This is a project of two individual houses grouped. A family from Aix-en-Provence living abroad but very attached to its mother land wanted to build two contemporary houses able to accommodate all or part of this family. Two independent houses responding to a versatility of uses: partial occupation, partial or complete rent, permanent or seasonal, future extensions …

CLIENT : PRIVATE
ARCHITECT : PANARCHITECTURE
LOCATION : PUYRICARD, AIX EN PROVENCE (FRANCE)
PROGRAM : TWO DEWINGS FOR ONE FAMILY
CONSTRUCTION COST : 1 085 000 €/HT
GROSS FLOOR AREA : 300 m²
COMPLETION : JANUARY 2019

Two dwellings in Aix-en-Provence By PAN Architecture - Sheet2
©PAN Architecture

The architectural response consists in proposing a large simple and homogeneous roof able to unify the different and separate components of the program. a « figure capable » at the site scale that houses both dwellings and their future developments.

The imaginary evoked is that of a protective shelter, a “common roof” for the whole family (three generations under the same roof). Shelter, unify and protect to free the architecture and its uses, this is the universe of the project.

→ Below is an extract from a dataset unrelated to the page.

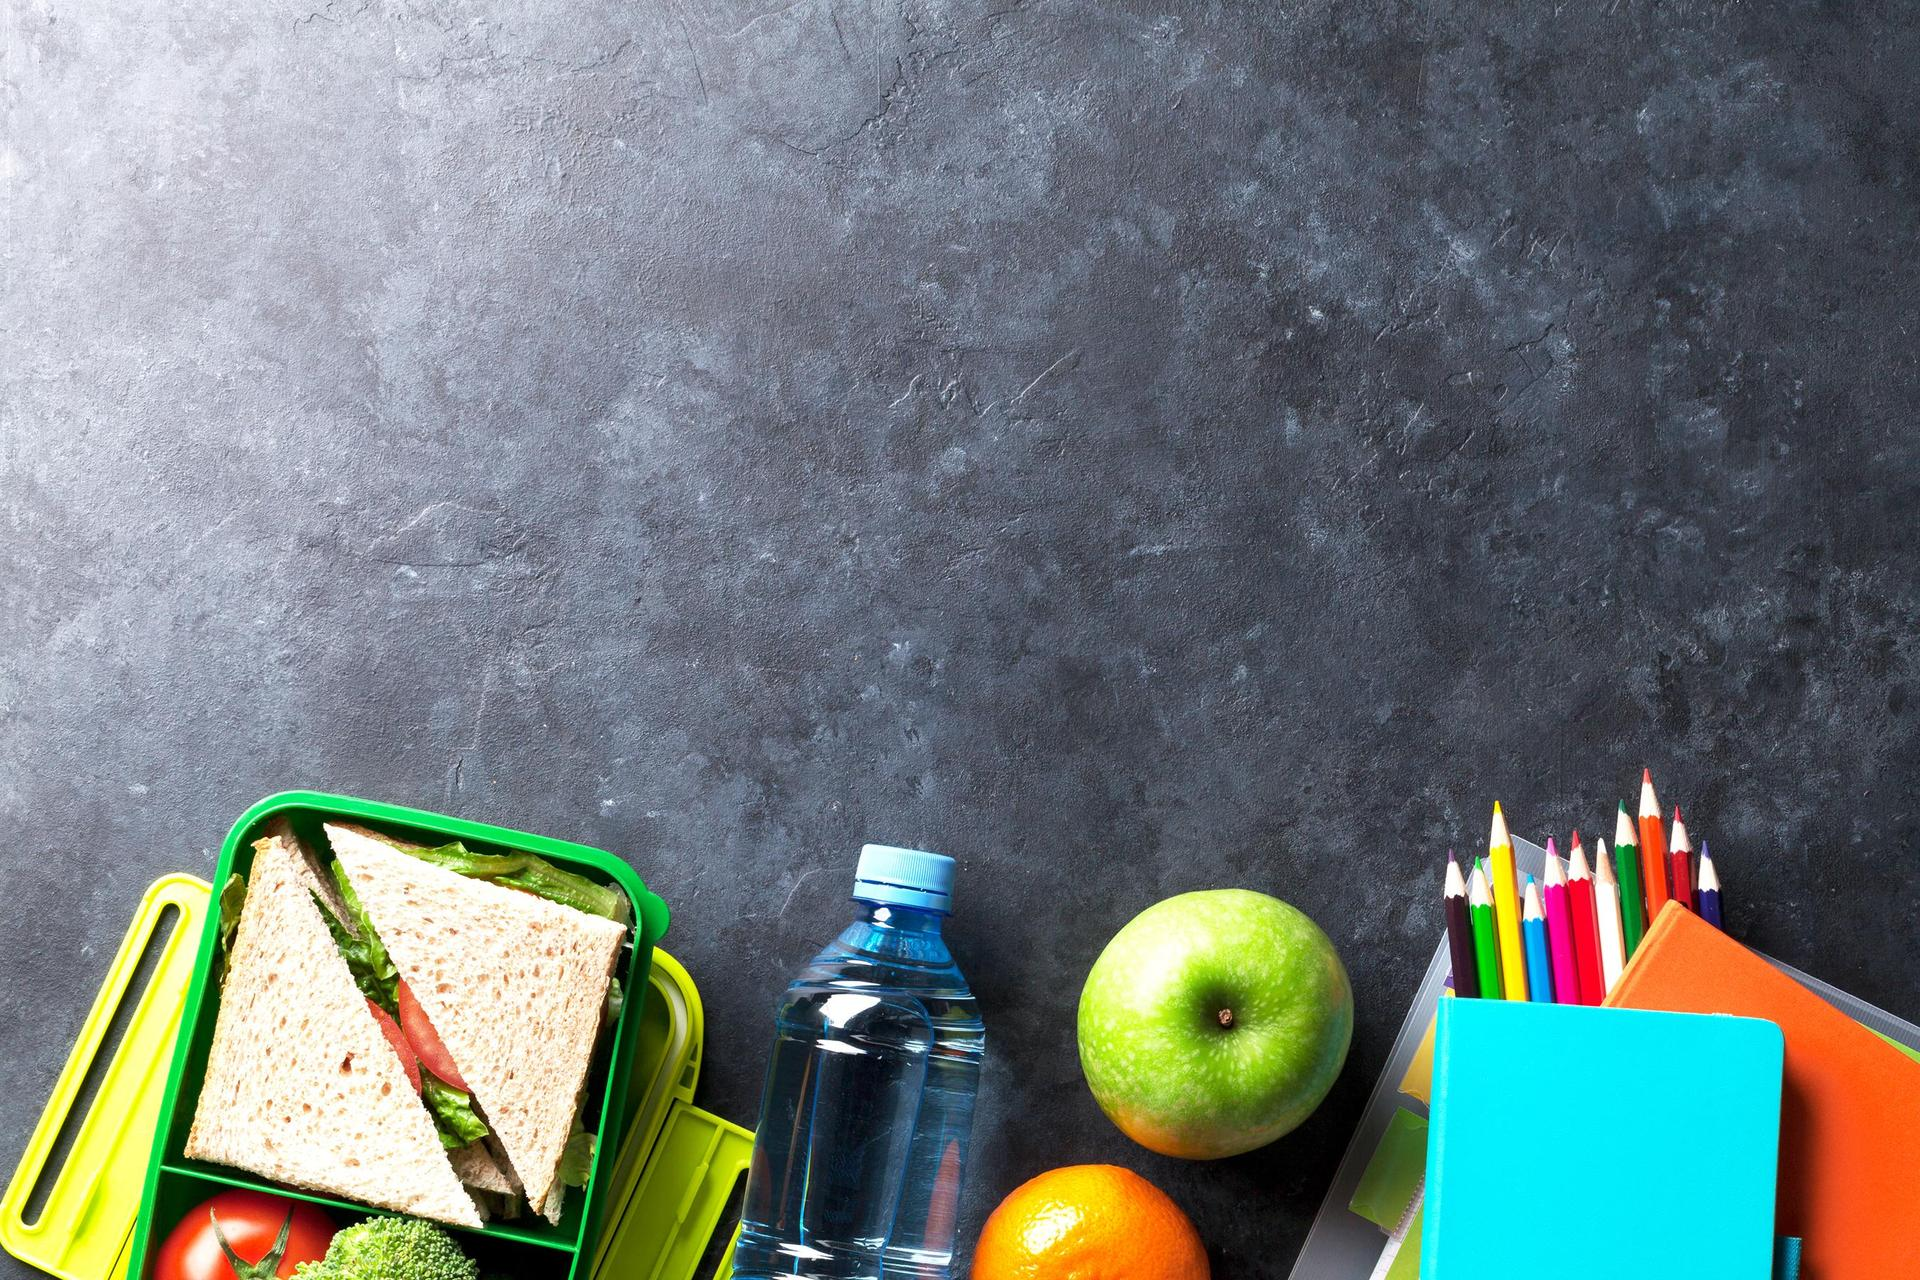 Food against a blackboard background

Two dwellings in Aix-en-Provence By PAN Architecture - Sheet4
©PAN Architecture

The fruitful ambiguity of the project lies in the dialogue between this out-of-scale figure of the roof and the free splitting of the volumes it houses, explicitly referring to a domestic scale. The relationship between the inside and the outside looks here for a singular expression by the fractionation and addition of volumes.

Houses are made of diversified spaces, simple volumetric games (stacking, juxtaposition, shift) able to create situations and varied spaces questioning the limits of the inside and outside.

Two dwellings in Aix-en-Provence By PAN Architecture - Sheet5
©PAN Architecture

The layout and composition come from a careful reading of the site and its valley situation oriented from East to West. Architectural expression is a response to the opening, clearing and light qualities of the site. The roof rises to the West to accompany and enhance the framing on the large landscape. It houses the main house (T 7) on two levels. In the central part it is lowered (H sewer 4.5 m) to break the scale and overall linearity. It houses the functions of reception and parking in outdoor spaces between two, around a dry garden. Finally, in the East, the roof opens again to look for the favorable orientation of the apartment and to mark its independence compared to the main house.